Jeff Kearl

“I walked up and down the aisles of Target and Walmart and Nordstrom,” said the cofounder and chief executive officer of Stance, Jeff Kearl. “I would just stand in front of each category, and I would size it up.”

The entrepreneur was doing his homework. After selling a tech business to Hewlett-Packard, he had decided to start a brand.

“Why?” he asked. “I liked that it could be a container for all the things I love.”

To decide on a product, he studied brands and how they were positioned: “What’s the value proposition? I would really look for the homogenization.

“I eventually got to the sock category,” he continued. “It was black and white, navy, blue, gray, really basic and in plastic bags. Even when I went to Nordstrom, which theoretically it would be more premium, it was still multipacks, poorly merchandised, tired design.”

He created Stance in 2009. What began as an e-commerce brand offering socks is now a company with several categories in men’s, women’s and kids, including undergarments and T-shirts, with more than 20 brick-and-mortars in the U.S. and Europe.

A few years ago, they had their first $100 million year. “We’ve now grown way past that,” shared Kearl, who started the brand with John Wilson, Ryan Kingman, Taylor Shupe and Aaron Hennings. “What I liked about socks is I thought it could be an entry point into something bigger.”

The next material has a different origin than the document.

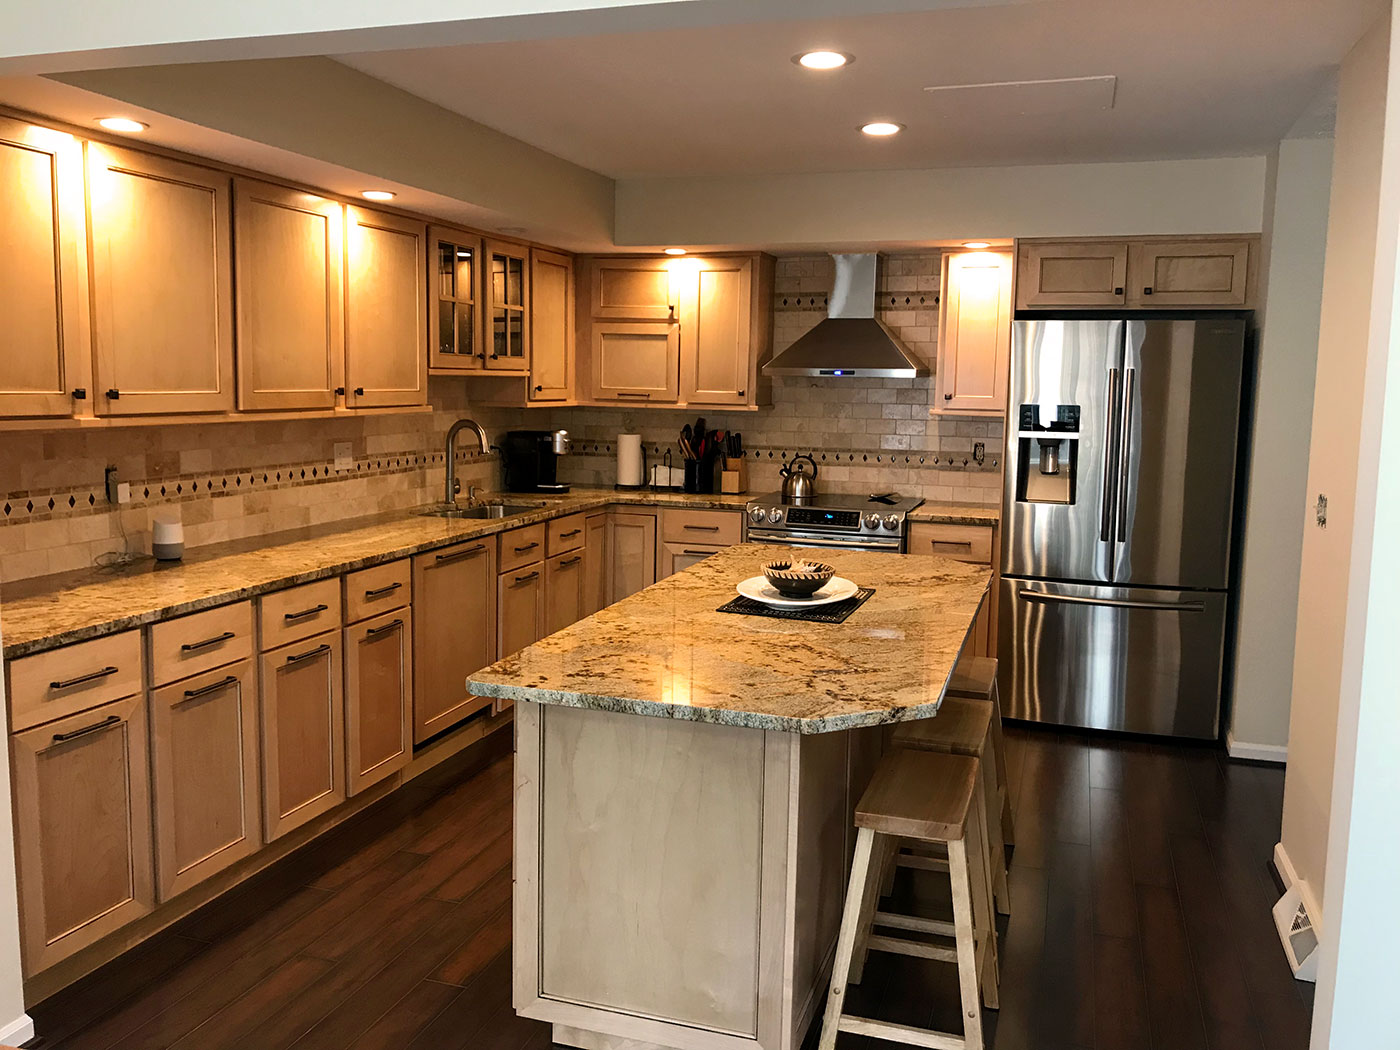 Standard / Hybrid Kitchen Cabinets - Craftworks Custom Cabinetry - Rochester, NY

And it has. The brand counts investors including Jay-Z, Will Smith and basketball player James Harden. They even count Rihanna as one of their collaborators.

“How do you make that transition from a single category that’s maybe one or two hundred million dollars to this big multibillion-dollar business?” he asked himself in the early stages of the business. He studied brands like Lululemon and Under Armour.

“How do you take the first layer for football players and turn that into a five-billion-dollar business today?” said Kearl. “How does Lululemon take pants and turn that into a global brand? It starts with a hero product. What was the sequence scene? How did the revenues do? How many stores drove that?”

In the end, he also chose socks, because “it was a big market” — at $25 billion. It was a product that was easy to ship, with no sizing issues, low returns, had high gross margins and high repeat purchase rates. What was most important, however, was having a sustainable competitive advantage.

“In other words, how easy or difficult is it for someone to do what you do?” said Kearl. “I wrecked my brain over this for a long time.”

What it came down to was brand, he continued. “It’s the only thing that distinguishes a commodity company from any other commodity company. So then, the question is really, ‘What’s a brand?’ There’s no one clear definition.”

He created his own: “My definition for a good brand is a brand that knows who it is, why it exists, what excites it, how it thinks, what its principles are, how it would order its coffee. Once it knows who it is, then it unapologetically expresses itself with the utmost discipline and attention to detail.”

The essence of a brand is its purpose, he shared, its values.

Even at this stage in the business, when hiring, hopeful employees meet with a hiring manager to determine skills and experience, before then being interviewed by one of the five original employees of the company, including Kearl himself.

“That second interview is all about values,” he said. “I’m trying to understand if their values overlap with our values. I never look at their résumés, because it biases me. I don’t want to know if you went to Stanford or a community college. I don’t care. I want to understand your values.”